I am doing the musical Alice in Wonderland and want to just use projectors to create the Wonderland and other stuff (I don't want to build anything, except for flats with white sheets on them or whatever works best). Show is in May and I want to be able to run three to four projectors from one or two computers. The deal is that I want to be able to run different images from my computer. So lets say I have two projectors running from one computer, one projector stage left and the other stage right. The image on stage left will be slightly different from the image of stage right. Any thoughts? Thanks!

Jordan


----------



## Morte615 (Jan 24, 2013)

You can do this from QLab if you get a powerful enough computer that has multiple video outputs. Last summer we had 4 projectors and the computer monitor running all at the same time with different images. Though we did notice that at times the computer would lock up and then unlock and whatever was on the screen would just disappear until the next image was sent. This was really noticeable only during one scene but I still think it was a matter of settings on the computer and not anything to do with the hardware (though they wouldn't let me near the computer, to afraid of something happening to the "show" computer.

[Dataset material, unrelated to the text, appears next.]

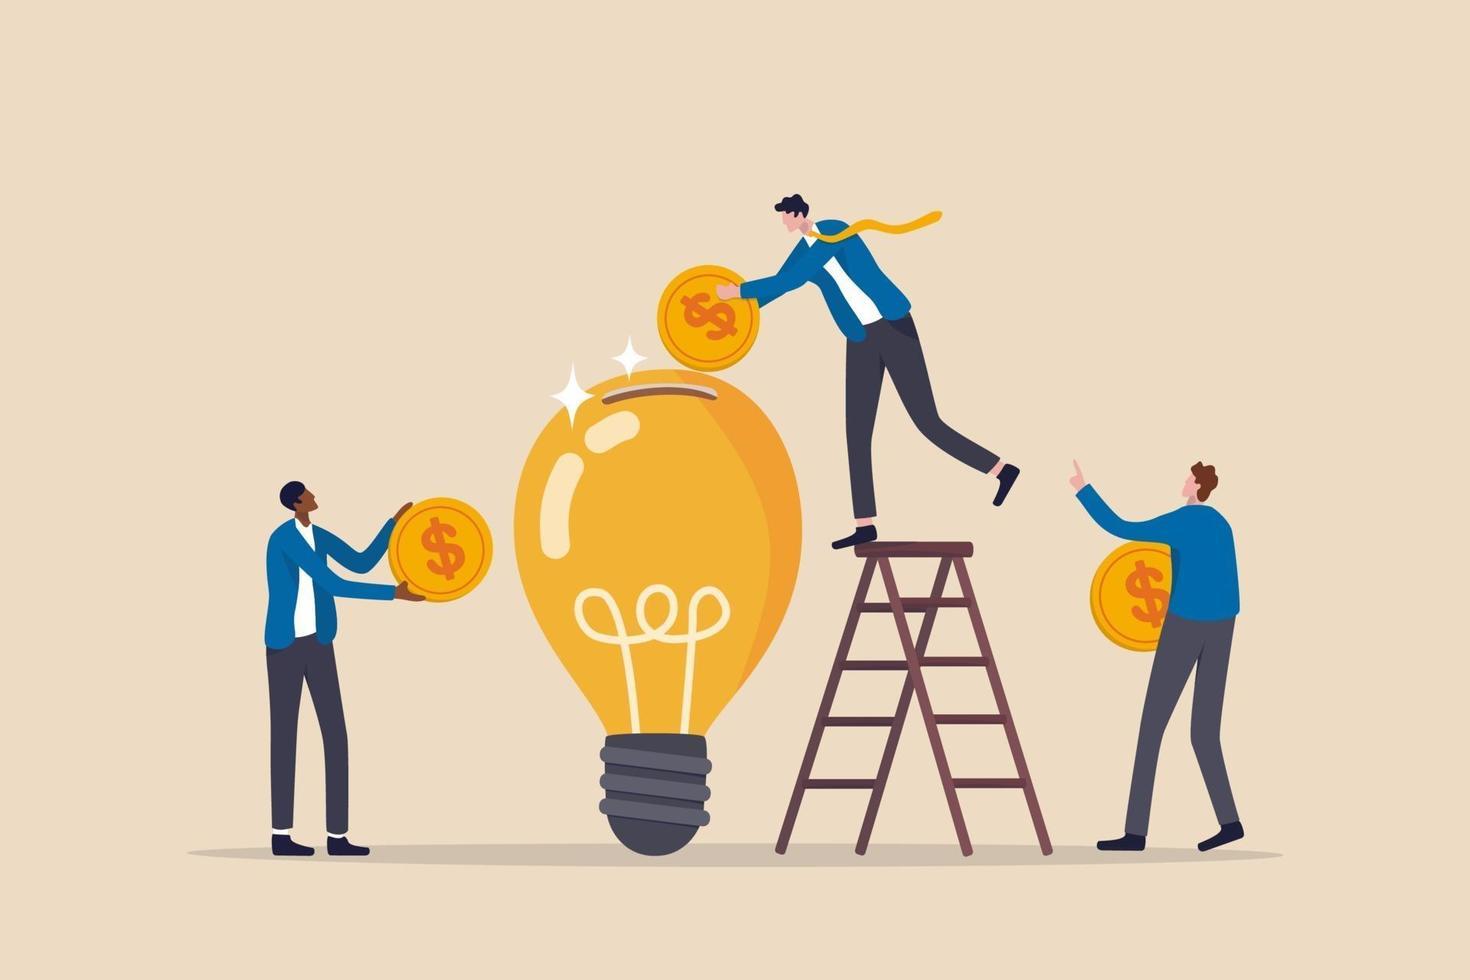 Fundraising idea, funding new innovative project, donation vector

Can't blame them about that but I did come from the computer world before entering theater so I do know my way around a computer)

I would probably say that 4 projectors would be my limit though to use with QLab, any more than that and I would look at a media server that would allow you to have more inputs and outputs. And a media server is built to handle multiple High Definition video sources.


----------



## Grog12 (Jan 24, 2013)

I've done this successfully using Keynote and digital zoom on high end projectors.


----------



## dbaxter (Jan 24, 2013)

Unless you are using a strong computer (I5 or greater) and a more powerful video card than I know about, I would be suspect driving more than 2 projectors plus the main monitor with one computer. You will probably need to network in a second computer to do the four images. We drove 6 separate images for our production of Tommy. Here is a uTube link. Disclosure - we were using Cue Player software and three computers. You may PM me for more details.


----------



## ruinexplorer (Jan 25, 2013)

Do you already have some of the equipment or do you still need to acquire it? Do you have a budget in mind for this project? I am assuming that it will be rather low since you are using basic flats instead of screens.

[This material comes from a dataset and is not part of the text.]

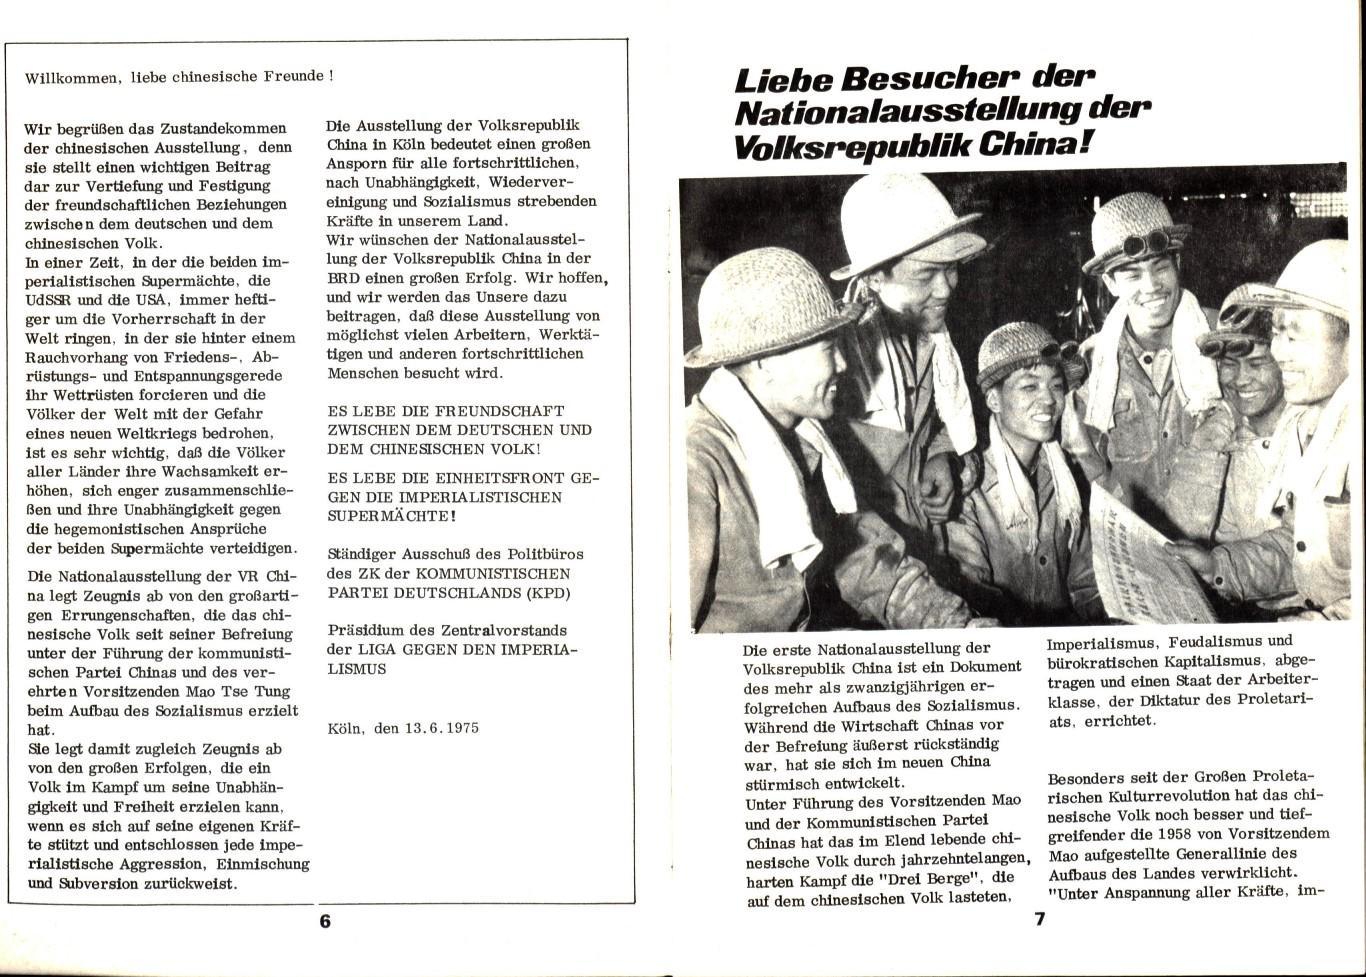 KPDAO_1975_Nationalausstellung_VRCh_in_Koeln_04

In general, a desktop will be better than a laptop. Qlab is a good option for control since it has a rather inexpensive rental option, but it requires that you use Mac computers.


----------



## Brandofhawk (Jan 25, 2013)

My thoughts on projections:
Projections seem like it could be a very cheap way to do things, but there is a lot of headache involved so you have to weigh the pain/trouble/time against the cheapness of doing it. Especially if it is your only scenic element, because what happens when the projections go down? (Depending on the stability of the system, it can happen all the time or never). Make sure you think through projections well before your tech. (And it seems you are!  , but this is just the tip of the iceberg). If it is your first time doing projection for theatrical purposes, than I suggest you start working on the system now to try and head off any potential problems. 

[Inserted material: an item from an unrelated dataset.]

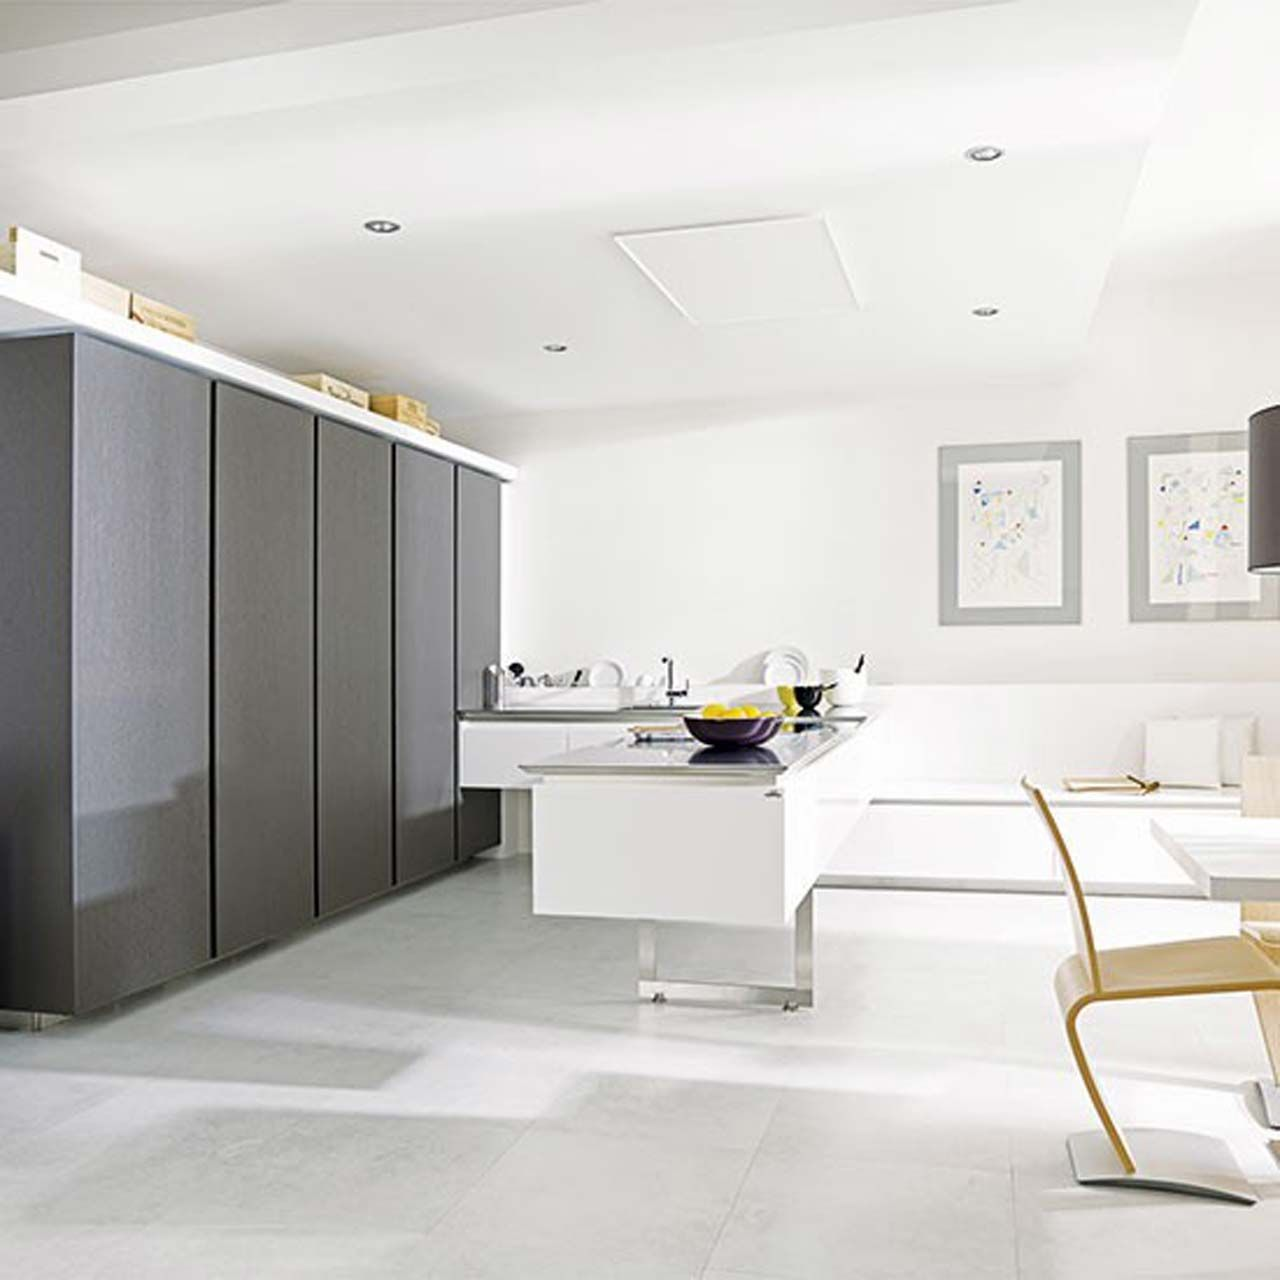 Porcelanosa white kitchen design ideas lookmyhomes

Determine what you may need/want the projections to do, so you can figure out how to make it do all those things. 
Do you want video playing in the background?
Do you want static images?
Do you want a combination?
How does the different Media shift between the two?
Is it a hit play at the beginning? Or do you need cues to change on cue? 
And many more...

Each of these questions opens and closes options to what the system you need to build.



My advice is look into systems where you can control what is being displayed and when. Hippotizer and Watchout and Qlab (professional license) are three programs which I personally know of for displaying on multiple screens with advanced capabilities. Powerpoint would let you control one screen from one computer with limited control. 


So In college we used Dataton's Watchout system. It works pretty good, but to be able to use it can be pretty expensive (to buy). 

Dataton | www.dataton.com
Green Hippo - The worlds best solution for realtime video playback on events worldwide
Figure 53 | QLab | Live Show Control for Mac OS X

Good news is, you can rent it from companies and they may have technicians to send out or call if you don't know what is going on and it may better fit your budgets. Look on their website, and you can find a list of places to buy / rent it.

I don't mean to sound discouraging or anything of the sort. I'm just trying to start you thinking about all the variables for your production to have as little headache as possible. It probably also sounds very negative because I am currently working on a production where 3 days before opening they came and said "so we want to do projections" and didn't think about how to control the media to look seamless on the projector... resulting in this late night, the night before opening. I would personally love it if you did this and then showed us some images of the production, because projected media is the newest kid in town (stealing lighting's thunder). 

As for placement of the projectors, there are a lot of options. You can rear project, or front project. You can mount them on their sides to make a portrait or keep them straight on to make them landscape. you can mount them from the ceiling, or place them on the floor. You also will need to figure out which projectors you are using and their throw distances and how bright they are going to be when you have stage light on your actors bouncing back onto those white walls. Projection Calculator Pro - Projector to Screen Distance This website will let you know the answer to some of those questions.

I also will offer up my advice and help as far as I can give it with my knowledge of projections and my ridiculous questions of abstractness / troubleshooting. 

So you know where I am coming from, I have worked with computers my entire life, and have been working with projections in theater at school for the past 3 years. I've worked on productions varying from 1 projector running powerpoint, to a 6 projector, 6 live feed cameras, traveling via Ethernet across two different spaces (3 live vid from one space, and 3 live vid back. Sound also sent between the two... it was quite a headache).


----------